Besides lowering learning rate to .05 and warmup to 2k, increasing optimizer_adam_beta2 at the same time from the default 0.98 to 0.999 also seems to help with lower batch sizes. At least, that's what I experienced when loss with big models with the default optimizer_adam_beta2 would stop decreasing and models with optimizer_adam_beta2 that are closer to 1 would continue to decrease.
This may also be one of the factors, besides lower dropout (=.1, instead of .3) that contribute to better results, or maybe it's better to say faster convergence, with big_single_gpu, which also uses an adam_beta2 (=.998) that is closer to 1 than the default.

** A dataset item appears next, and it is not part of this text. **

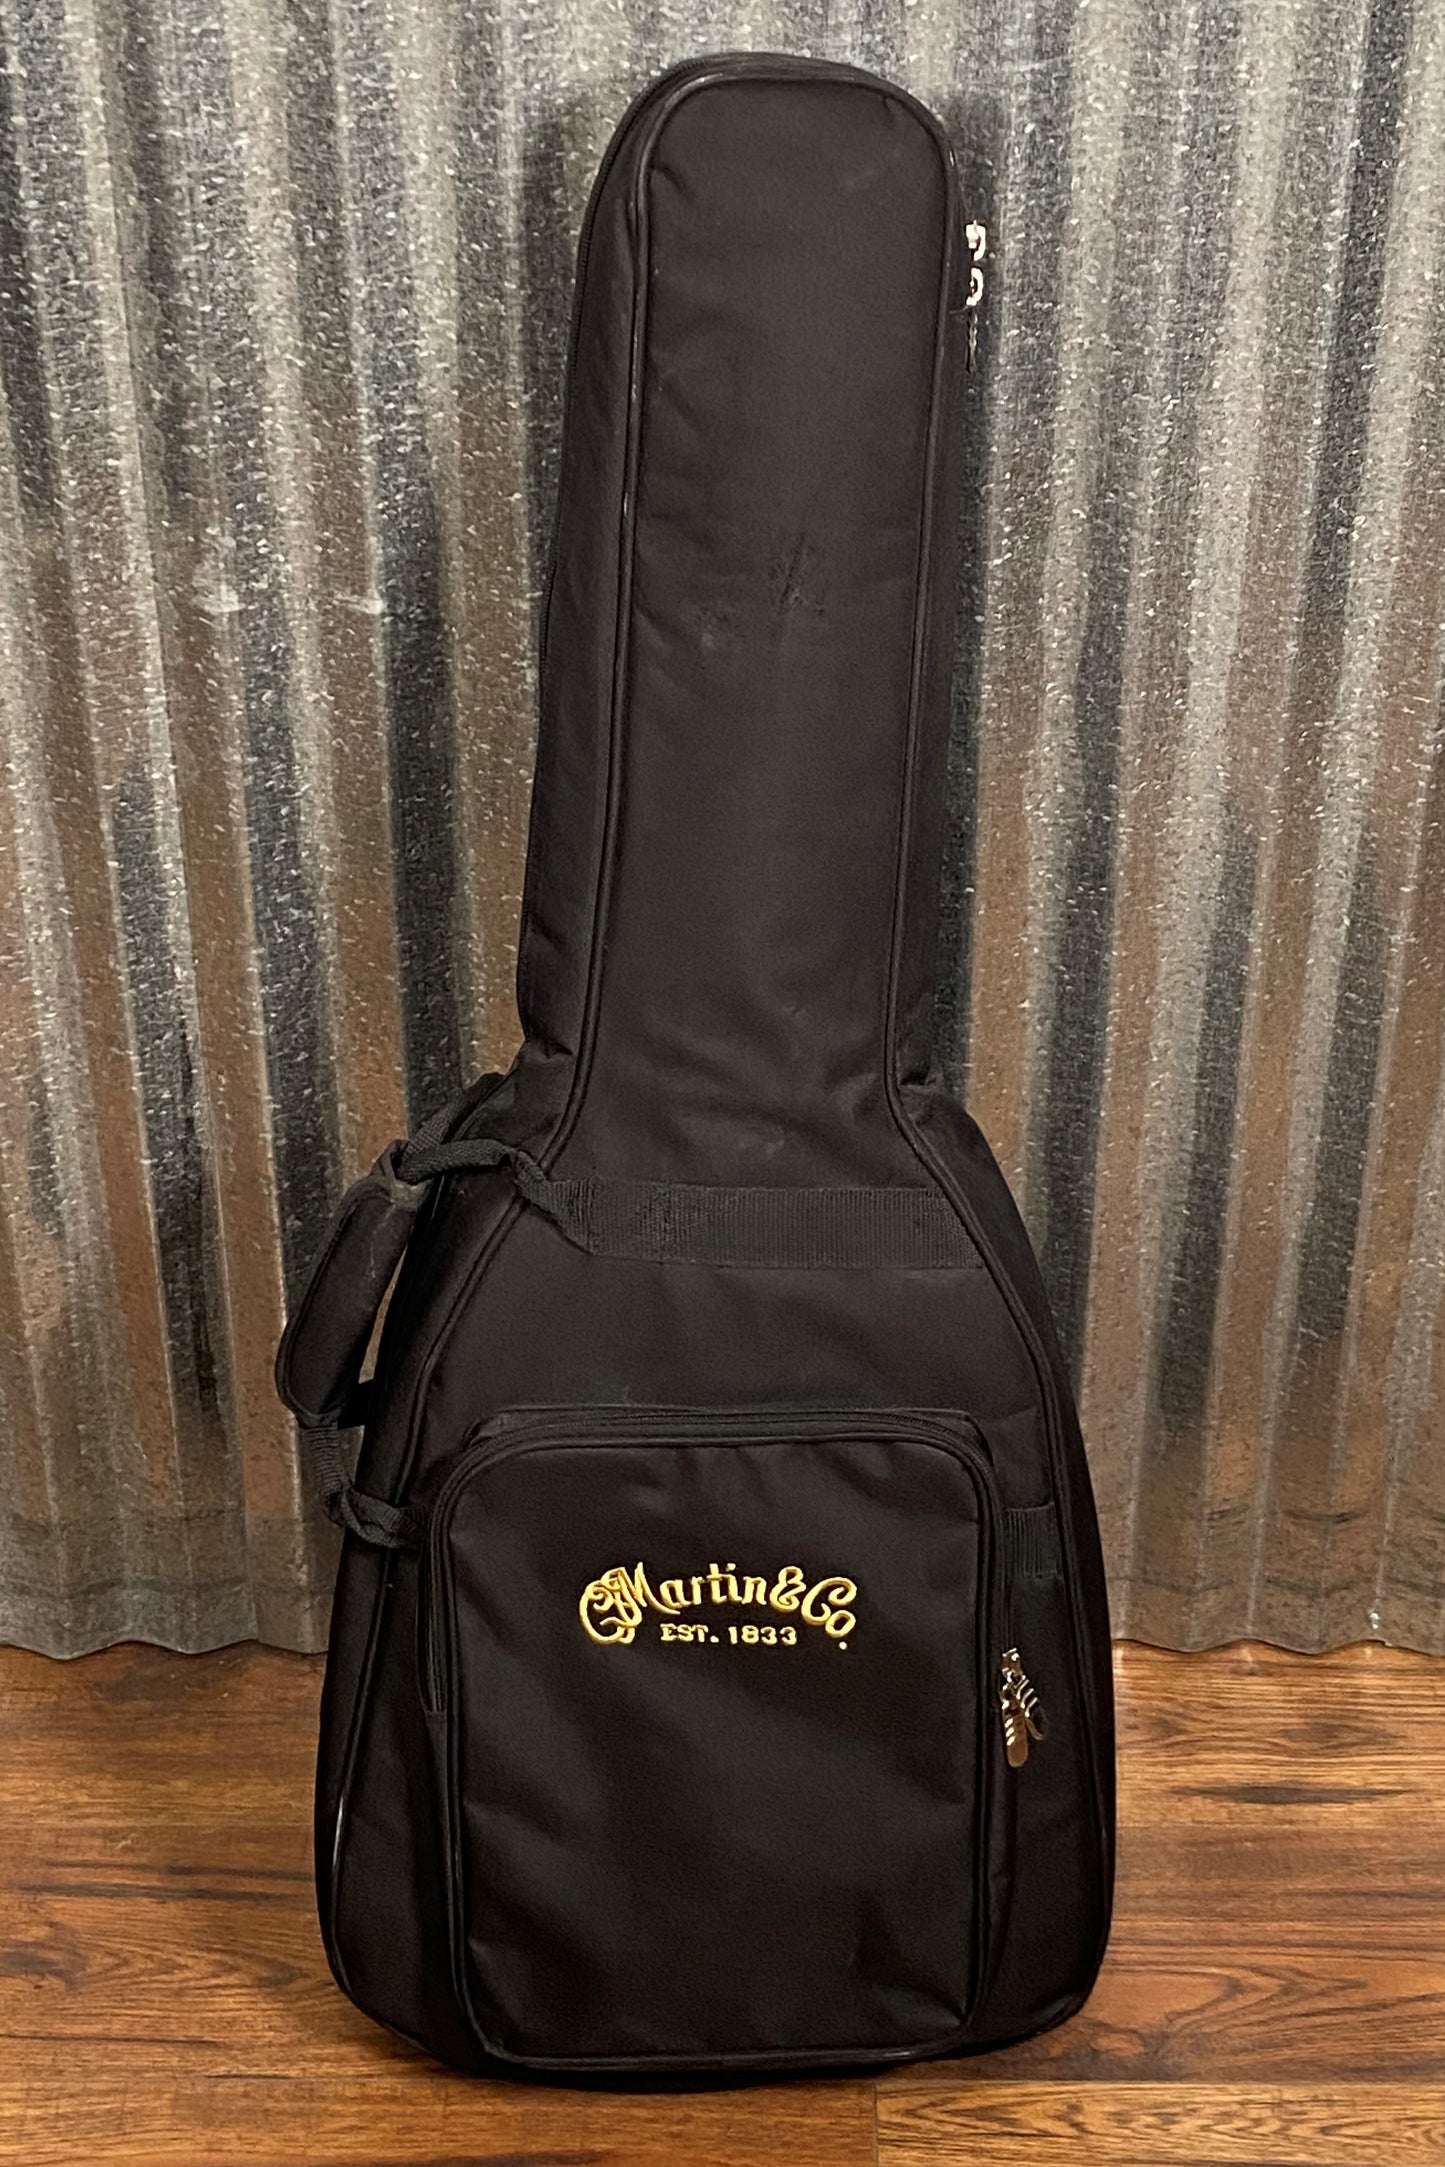 Martin LXME Little Martin Natural Acoustic Electric Travel Guitar & Bag #0787 Used

After changing adam_beta2 to (=.999) at step 2M, loss starts dropping considerably:

mehmedes on 11 Jan 2018

Just did a quick test on the new adafactor optimizer and it seems to outperform adam:

The orange curve is adam with noam.
The grey is adam with cyclical LR, which seems to help adam overcome saddle points and let's you forget about finding the right LR when not having the resources for the ideal batch size. (https://arxiv.org/abs/1506.01186 , https://arxiv.org/abs/1708.07120)
And the blue is adafactor, which outperforms all :D
BTW: Adafactor allows you to increase batch size from 2000 to 2500 on 1080 Ti!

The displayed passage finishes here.